◆ Input data:
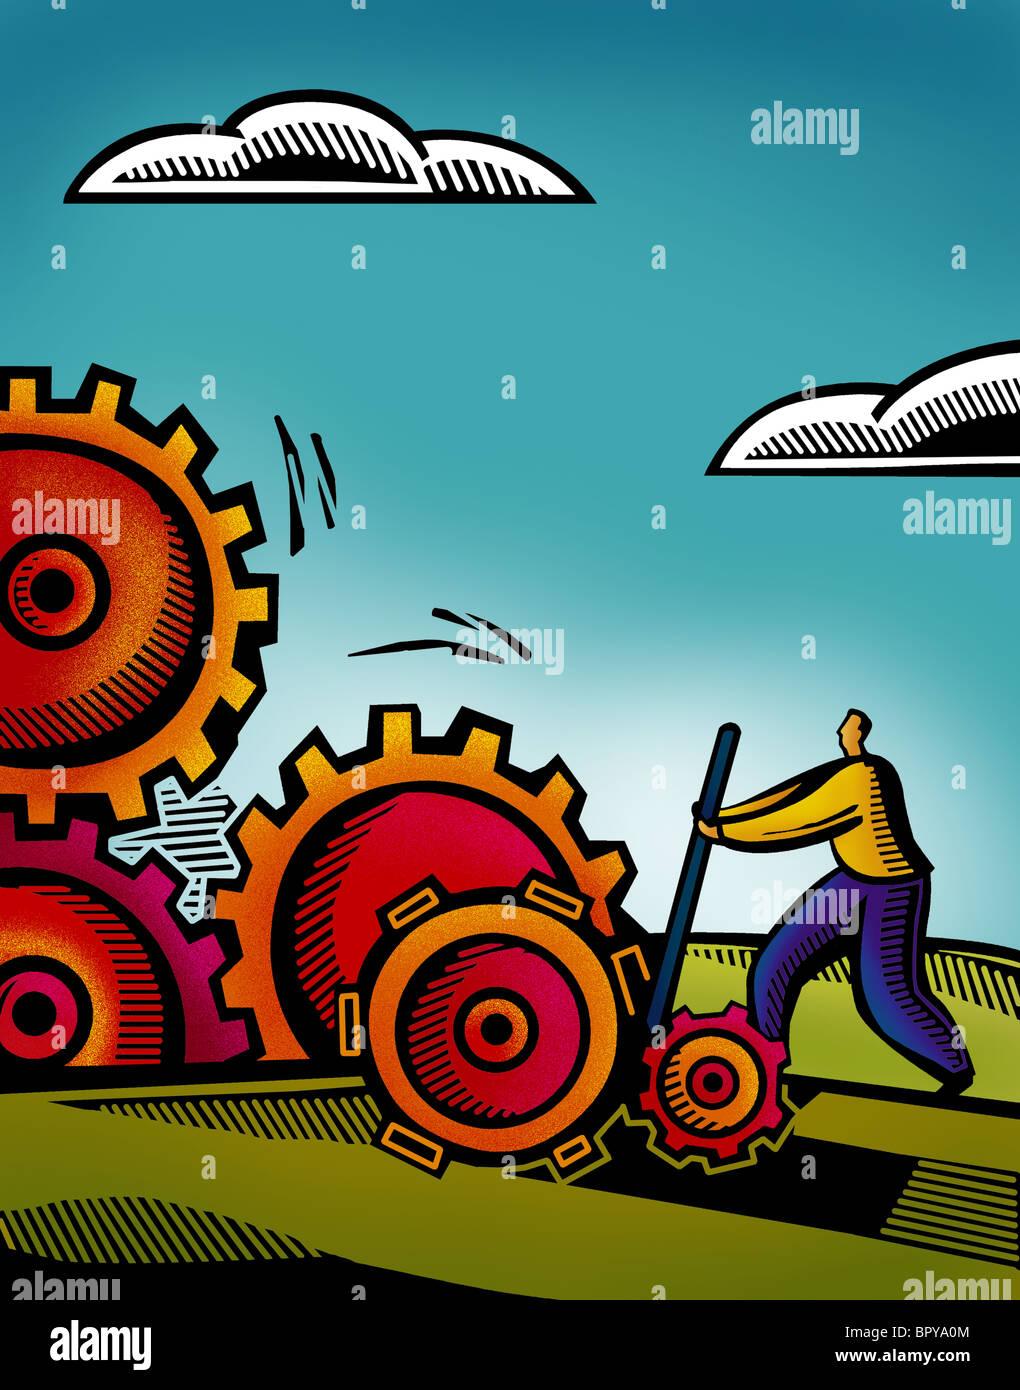 Un hombre de negocios trabajando entre engranajes conectados Imagen De Stock
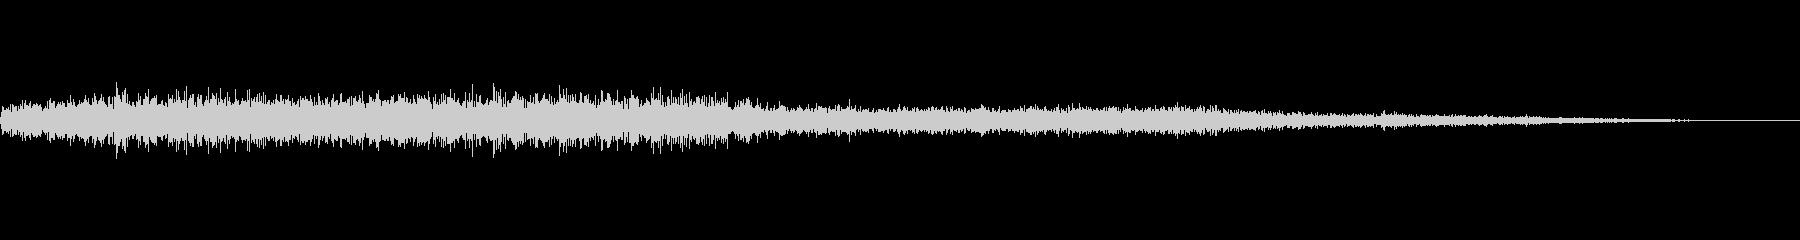 ギシギシ、キーン…田舎電車の車内音の未再生の波形
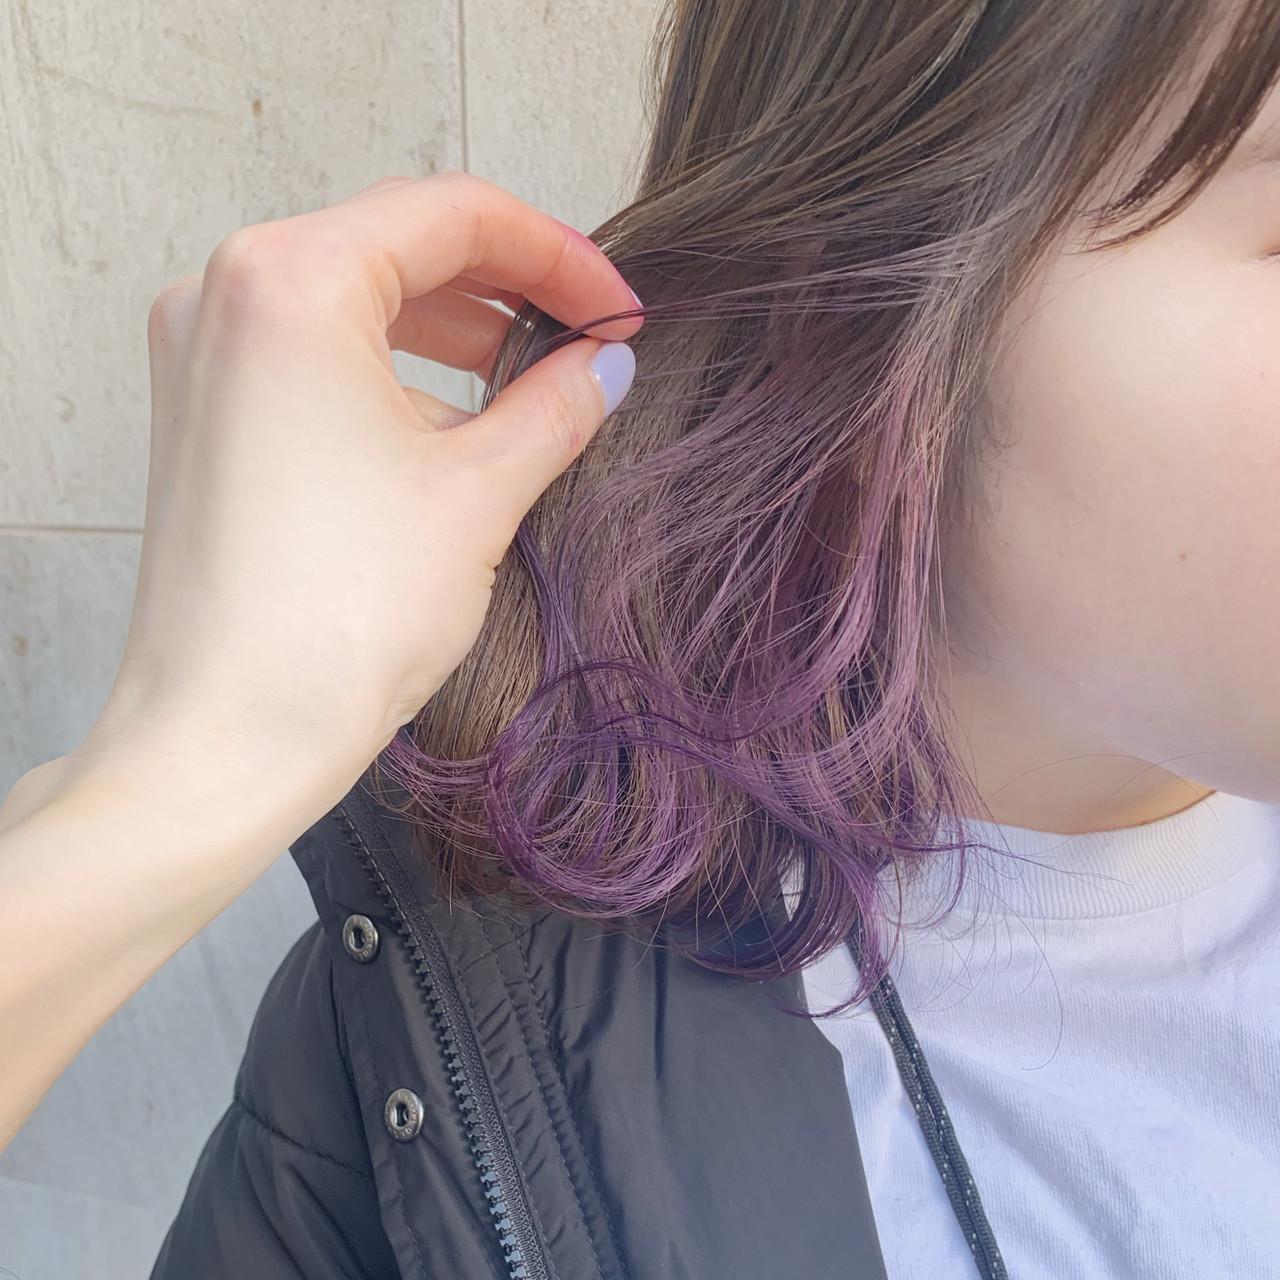 グレージュ アンニュイほつれヘア ピンク インナーカラー ヘアスタイルや髪型の写真・画像
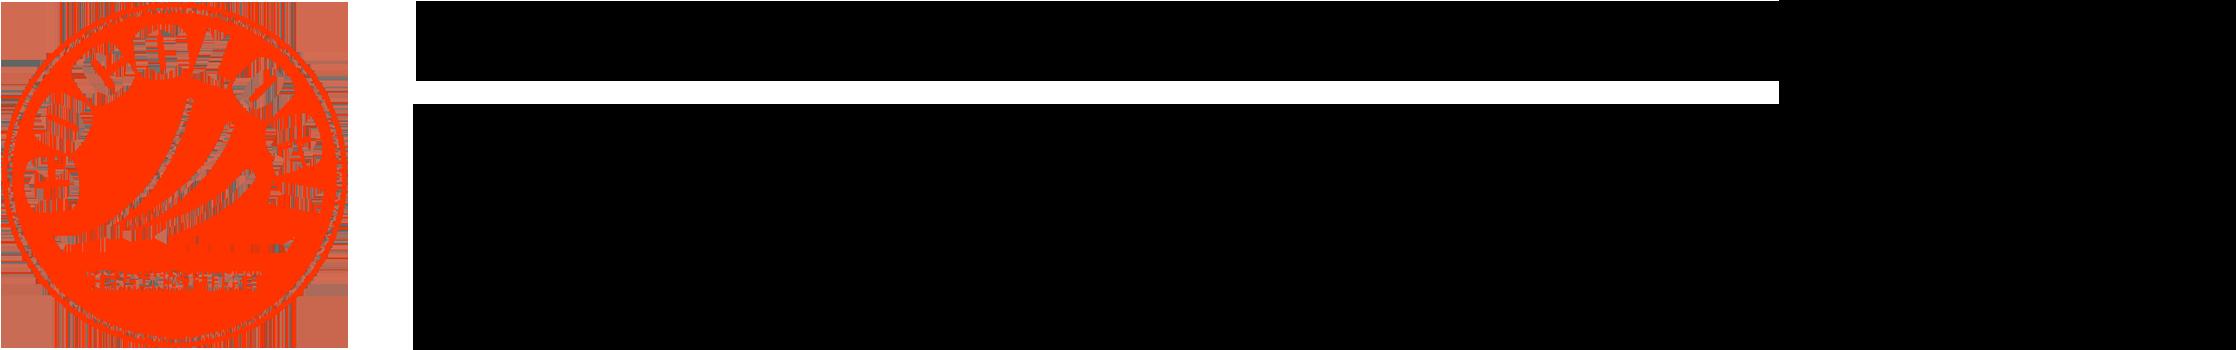 株式会社ココロジ 一般貨物自動車運送事業 - 京都

◆ Work required:
Return the data exactly. Pictures stay out.

◆ Worked solution:
 Un hombre de negocios trabajando entre engranajes conectados Imagen De Stock
 ギシギシ、キーン…田舎電車の車内音の未再生の波形
 グレージュ アンニュイほつれヘア ピンク インナーカラー ヘアスタイルや髪型の写真・画像
 株式会社ココロジ 一般貨物自動車運送事業 - 京都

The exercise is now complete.